Nevertheless, the presence of the AuNP array increases the intensity of the long-living TA signal by almost a factor of 2. When we compare this figure with the situation of the TA signal in the wavelength range of FP states (950 nm probe, see Fig. 3d), we can see that the ratio is opposite, i.e. the signal in the composite with AuNP array is lower. Similar finding was obtained also for the other excited states: S₁ states at 1150 nm as well as PP states at 650 nm show a weaker signal in the AuNP@P3HT composite than in the neat P3HT. This could only mean that there is another source of the TA signal in the GSB region.

The existence of another electronic excited state is unlikely since no other transient absorption bands were found in the relatively large spectroscopic bandwidth of our experimental setup. On the other hand, the above mentioned thermal effect deserves a more detailed discussion. The total energetic input can be deduced from the ratio of the optical absorption maxima of the two systems (cf.Fig. 1): the amount of extra energy stored and dissipated in the AuNP@P3HT system is roughly higher by 7% than in the neat P3HT. According to the literature the heat capacity in bulk P3HT was estimated³⁰ as C ≈ 10⁶ J m⁻³ K⁻¹, while the thermal conductivity was³¹K ≈ 0.5–2.29 W K⁻¹ m⁻¹. Therefore we estimate the heat diffusion constant in the bulk P3HT as D = C/K ≈ 10⁻⁶ m² s⁻¹, which corresponds to the diffusion length of 1 nm for 1 ps, and ca. 3.3 nm for 10 ps. However, due to the crystalline-like structure of domains in the P3HT thin films, a faster quasi 1-D heat transfer could by promoted at shorter distances. It was found that acoustic phonons spread with velocity c = 2.8 nm ps⁻¹.³² It means that the heat transfer rate is fast enough to induce the thermal (thermochromic) TA artifact at the ns time scales in question. This, together with the spectral overlap of the GSB signal with the thermochromic effect due to laser irradiation (shown in Fig. S6 in the ESI†), leads us to the following explanation: the negative TA signal in the spectral region around 600 nm in AuNP@P3HT contains strong contribution from the phenomenon of thermochromism in the P3HT film caused by heat transfer from the laser-heated AuNP array.

Singlet exciton recombination

To gain more insight into the evolution of the excited states and their mutual relationships in the studied systems we attempted to analyze the TA spectra using the target analysis.^25,26,33 We modeled the excited state evolutions in neat P3HT films by a sequential unbranched 5-compartment model. In the case of the AuNP@P3HT composite, we added a separate branch with a single lifetime to model the evolution of the plasmon resonance contribution. The details are described in the ESI† in the section Target model analysis of the vis-WLC transient absorption data. In summary, the analysis required at least 5 compartments for a good fit, each associated with a one species associated differential spectrum (SADS) and one lifetime. However, the resulting shapes of SADSs were very similar in the broad range of their respective lifetimes. This suggests that the system of linear differential equations used in the target analysis did not reflect the actual photochemical reality in the systems, i.e. most of the SADS contained contributions from all the photochemical species (S₁, FP and PP). As we will show below, the presence of mutual collisions between the (mobile) excited states could be a possible explanation of the multi-exponential kinetics of the excited state evolution.

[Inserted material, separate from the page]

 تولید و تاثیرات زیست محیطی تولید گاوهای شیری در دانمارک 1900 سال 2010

For the analysis of the kinetics in the NIR region we chose the spectral analysis approach inspired by the work of Ogata et al.²⁴ It allowed us to project the spectrotemporal evolution into temporal evolution of weight parameters of the time invariant spectral features, without a priori knowledge of the model kinetic equation. The assumption of the time invariance of the spectral profiles is sound if the relevant processes contributing to the kinetics occur on a time-scale longer than vibrational relaxation processes associated with the reorganization energy of P3HT. Formally, the spectral model function shapes may be influenced by the laser-induced heating described above. However, considering that our above estimate of the temperature increase was only 9 K in the AuNP@P3HT sample, we choose to neglect the effect of temperature on the spectral model functions. This also allowed us to optimize the spectral positions and widths globally (as common parameters) using TA spectra recorded at all delay times. This greatly reduced uncertainties in the parameter estimations.

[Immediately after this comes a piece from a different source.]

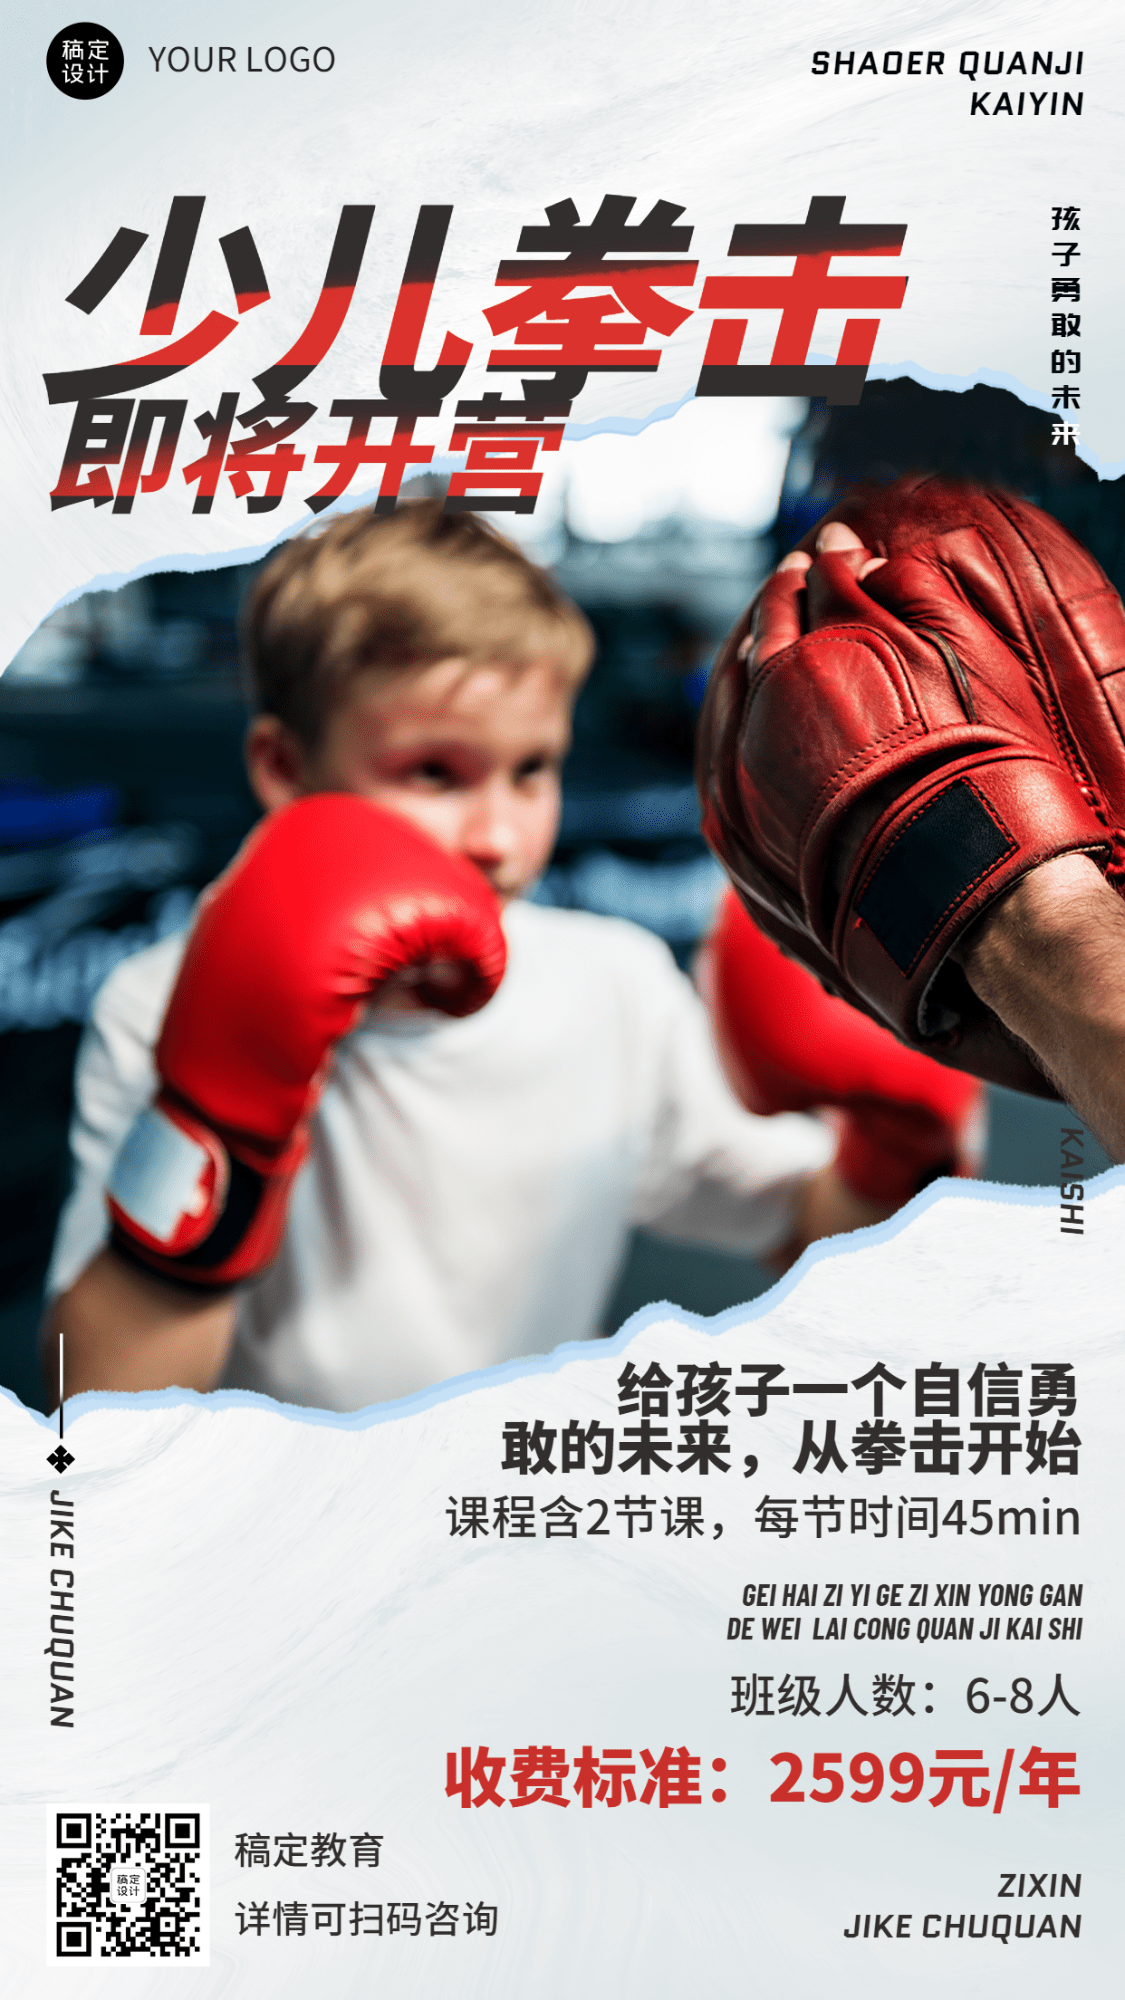 少儿跆拳道培训课程招生竖版海报预览效果

Based on the spectral shapes and their attribution to the photochemical species discussed above, we approximated the spectrum of the TA signal for a given delay time by a linear combination of two spectral profiles with Gaussian distribution in energy scale. Our analysis provided globally optimized shapes and positions of Gaussian functions centered at E^center_S = (0.96 ± 0.24) eV and E^center_PP = (1.30 ± 0.24) eV with function half-widths, σ_S = (0.19 ± 0.30) eV and σ_FP = (0.16 ± 0.1) eV, respectively. The confidence intervals are set at twice the standard deviations; see Table S2 in the ESI.†

The amplitudes of these two functions, C_FP(t) and C_S(t), represented the relative contributions of the FP and the S₁ species to the overall TA signal intensity. Due to the Beer-Lambert law, we can use the C_FP and C_S parameters as measures of fractional population of the respective species.

A full description of the fitting results is given in the ESI,† section Spectral analysis of the NIR-probe TA data. In Fig. 4a, we show only the resulting evolutions of the concentration parameters C_FP(t) and C_S(t), each normalized to the global maximum of the respective curve.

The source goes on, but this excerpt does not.